背景：许多欧洲国家根据严重疾病和死亡风险确定每年流感疫苗接种的优先群体。这使得比利时老年人的流感疫苗接种覆盖率相对较高。然而，年轻人的覆盖率要低得多，儿童的覆盖率可以忽略不计。众所周知，儿童和年轻人在流感的传播动态中发挥着重要作用。因此，一个重要的政策问题是，在考虑到间接影响的情况下，如何在各年龄组之间最佳地分配流感疫苗。方法采用动态传播模型再现比利时的流感季节性，比较6720种相互排斥的疫苗接种方案，包括目前的做法。疫苗接种方案由9个年龄组的不同覆盖水平变化组合来定义。我们从医疗保健支付者的角度对所有选择进行了经济评估。质量调整生命年（QALYs）是主要健康结局。我们使用增量净货币效益（INMB）方法来表达参数不确定性。结果在考虑的所有疫苗接种方案中，超过90% %的疫苗接种策略在成本效益方面占主导地位。据估计，儿童对整个人口起到了相当大的间接保护作用。最具成本效益的规划将儿童的疫苗接种率提高到90% %，50-64岁提高到48% %，65-74岁提高到75% %。通过在儿童年龄组中实现高疫苗接种覆盖率，季节性流感疫苗接种规划可以可接受的成本最大限度地提高总体质量aly收益。在比利时的情况下，对这种执行的方案和伦理问题需要分别加以考虑。
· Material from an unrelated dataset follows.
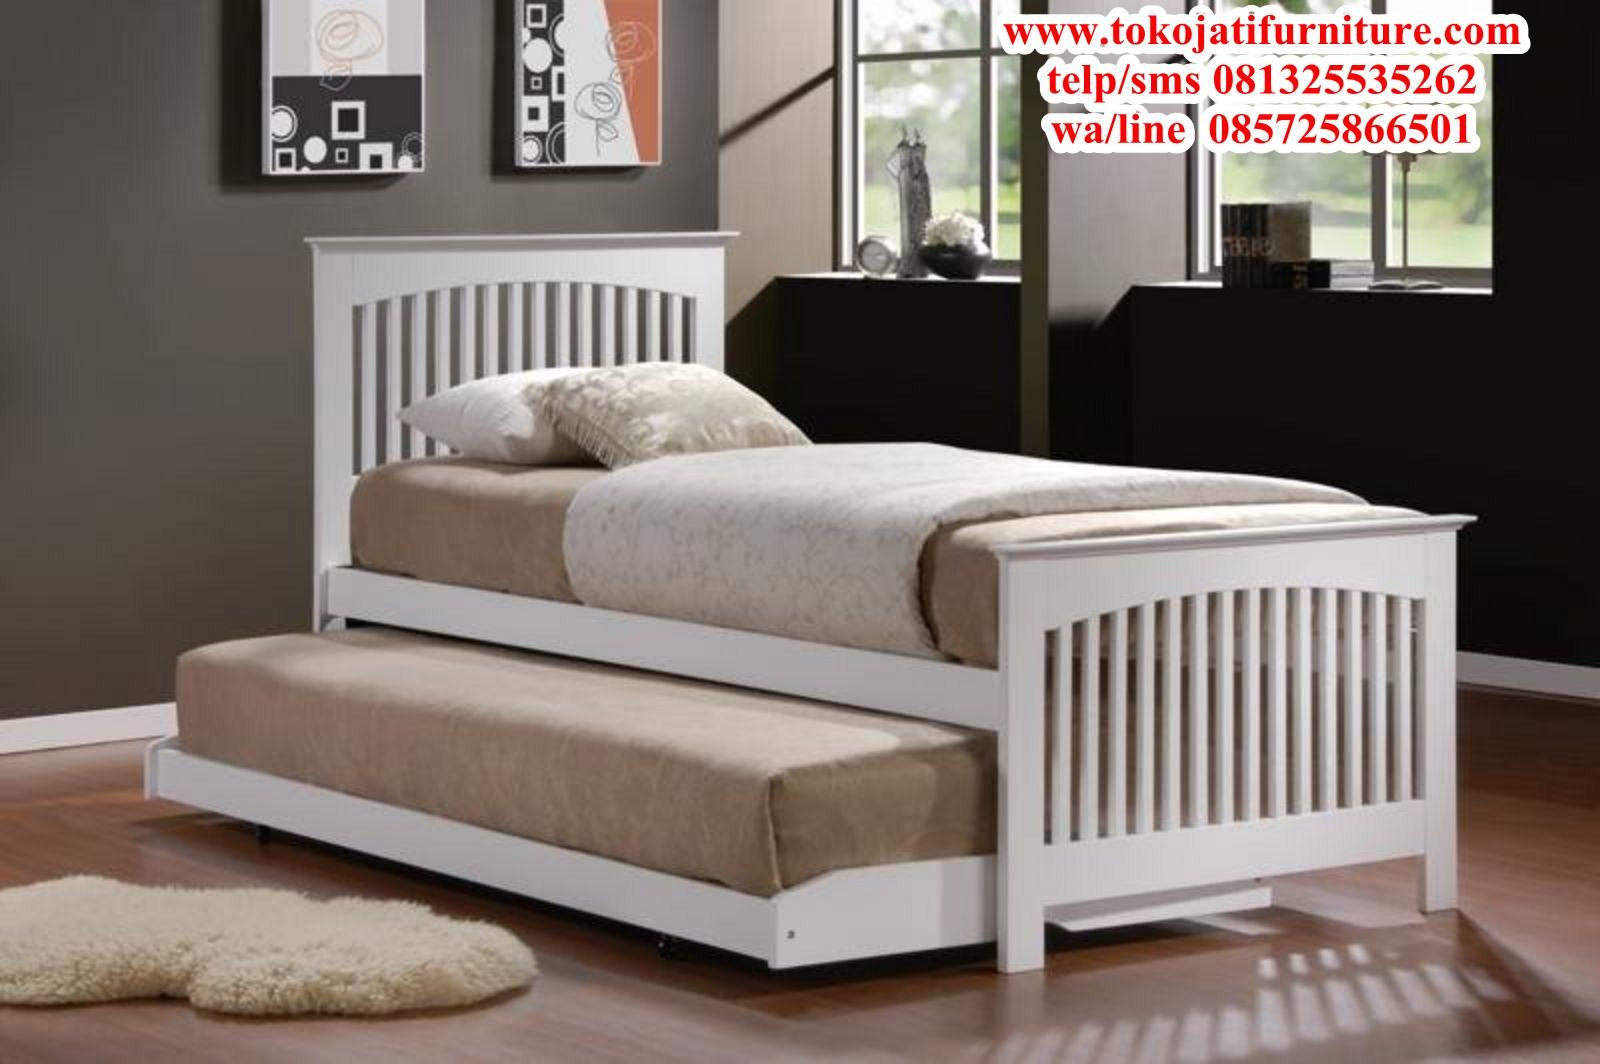 347434_1 tempat tidur anak duco jari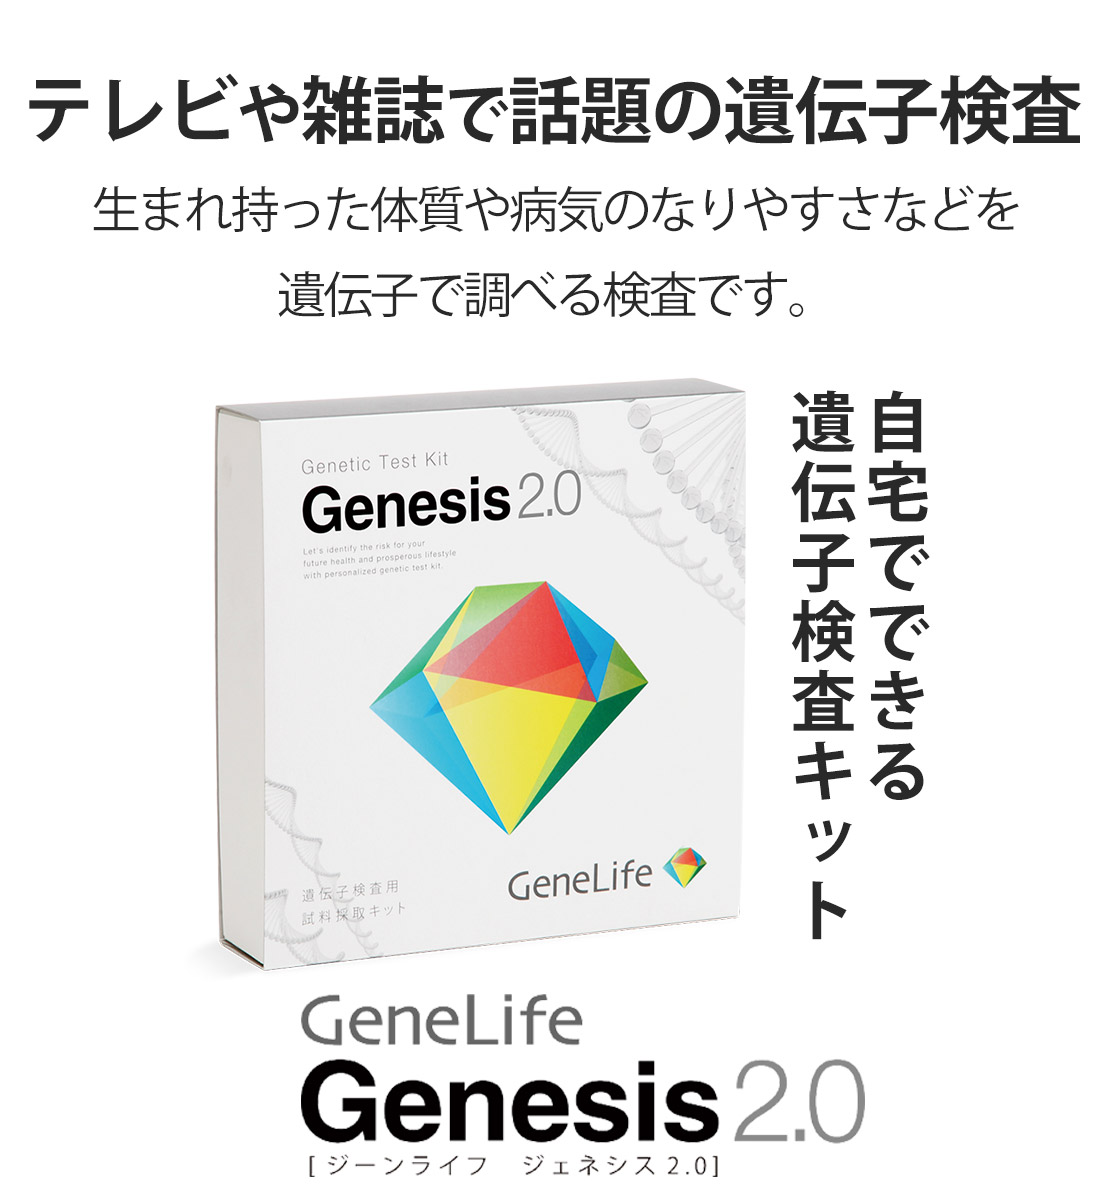 楽天スーパーDEALでGenesis2.0 遺伝子検査キットが21384円、ポイント50倍。

本文章由计算机程序翻译，如有差异，请以英文原文为准。

求助全文

约1分钟内获得全文求助全文

来源期刊

Epidemics INFECTIOUS DISEASES-

CiteScore

6.00

自引率

7.90%

发文量

审稿时长

140 days

期刊介绍： Epidemics publishes papers on infectious disease dynamics in the broadest sense. Its scope covers both within-host dynamics of infectious agents and dynamics at the population level, particularly the interaction between the two. Areas of emphasis include: spread, transmission, persistence, implications and population dynamics of infectious diseases; population and public health as well as policy aspects of control and prevention; dynamics at the individual level; interaction with the environment, ecology and evolution of infectious diseases, as well as population genetics of infectious agents.